But I get all the credit, for being the first to discover Novak. He's a good guy to have on the team, great small forward. He isn't going to be the best defensive player, but he is going to be able to hit lots of threes, and you want him in at the end of games, he's going to be a top freethrow shooter in the league from day one.


----------



## PriceIsWright (Oct 11, 2006)

Dean the Master said:


> Then why would people rate Redick as top 10 picks about a month before the draft?


Because Duke was the better team


----------



## crazyfan (Dec 9, 2005)

Dean the Master said:


> Then why would people rate Redick as top 10 picks about a month before the draft?
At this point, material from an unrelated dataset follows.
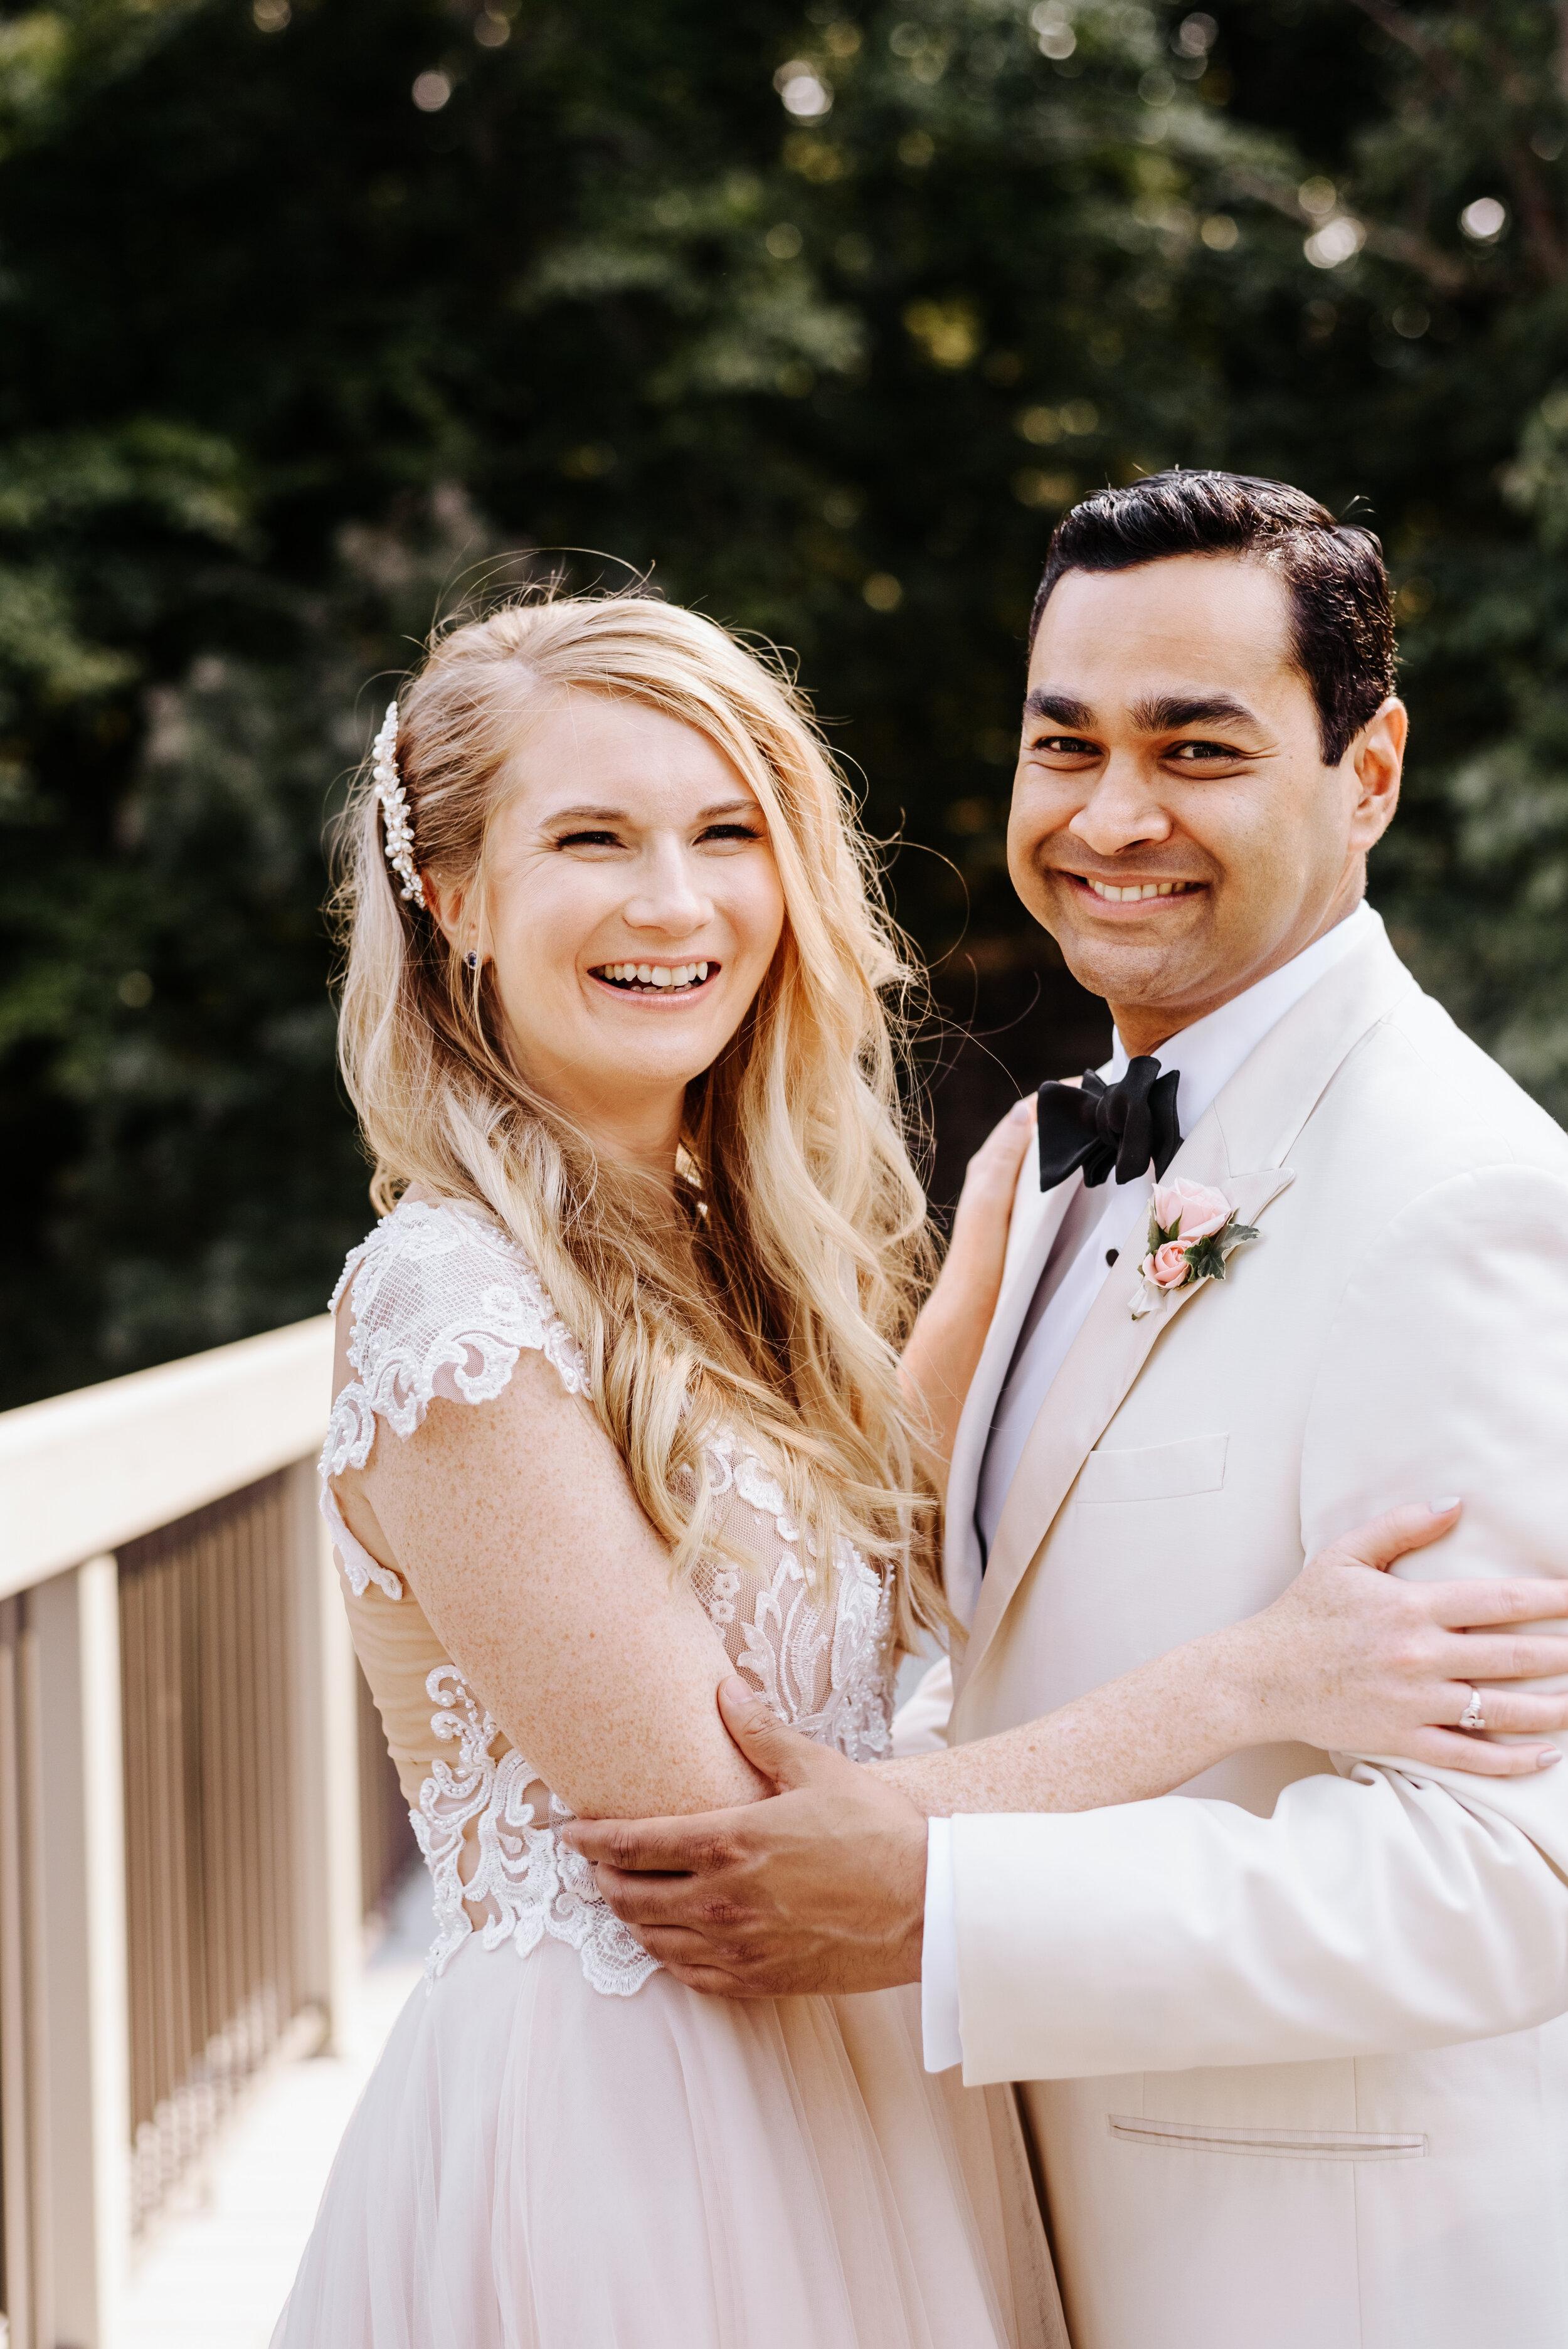 Cassie-Mrunal-Wedding-Quirk-Hotel-John-Marshall-Ballrooms-Richmond-Virginia-Photography-by-V-45.jpg

because Redick was phenomenal for 2 years straight, leading Duke and made shots from inside the 3 point line.


----------



## PriceIsWright (Oct 11, 2006)

crazyfan said:


> because Redick was phenomenal for 2 years straight, leading Duke and made shots from inside the 3 point line.


you win at the internet. But seriously, you're right about his mid-range shots. Good argument


----------



## crazyfan (Dec 9, 2005)

PriceIsWright said:


> you win at the internet. But seriously, you're right about his mid-range shots. Good argument




what do you mean by i win at the internet?


----------



## Dean the Master (Feb 19, 2006)

Yeah, I kind of want to know what that means too.


----------



## PriceIsWright (Oct 11, 2006)

It's leetspeak for good job.


----------



## benfica (Jul 17, 2002)

I saw him put 41 points against a very athletic team in UCONN. I knew right away he would be able to get his shot off in the NBA. He has a quick release and doesn't need much space to get the shot off. He also get's a nice vertical off the jump shot, at 6'10" will be hard to stop. I predict he will get 40+ points in a game this season. When he is on like he was at Uconn, he is unstoppable. Will be one of the big steals of the draft and ROY doesn't seem far-fetched.


----------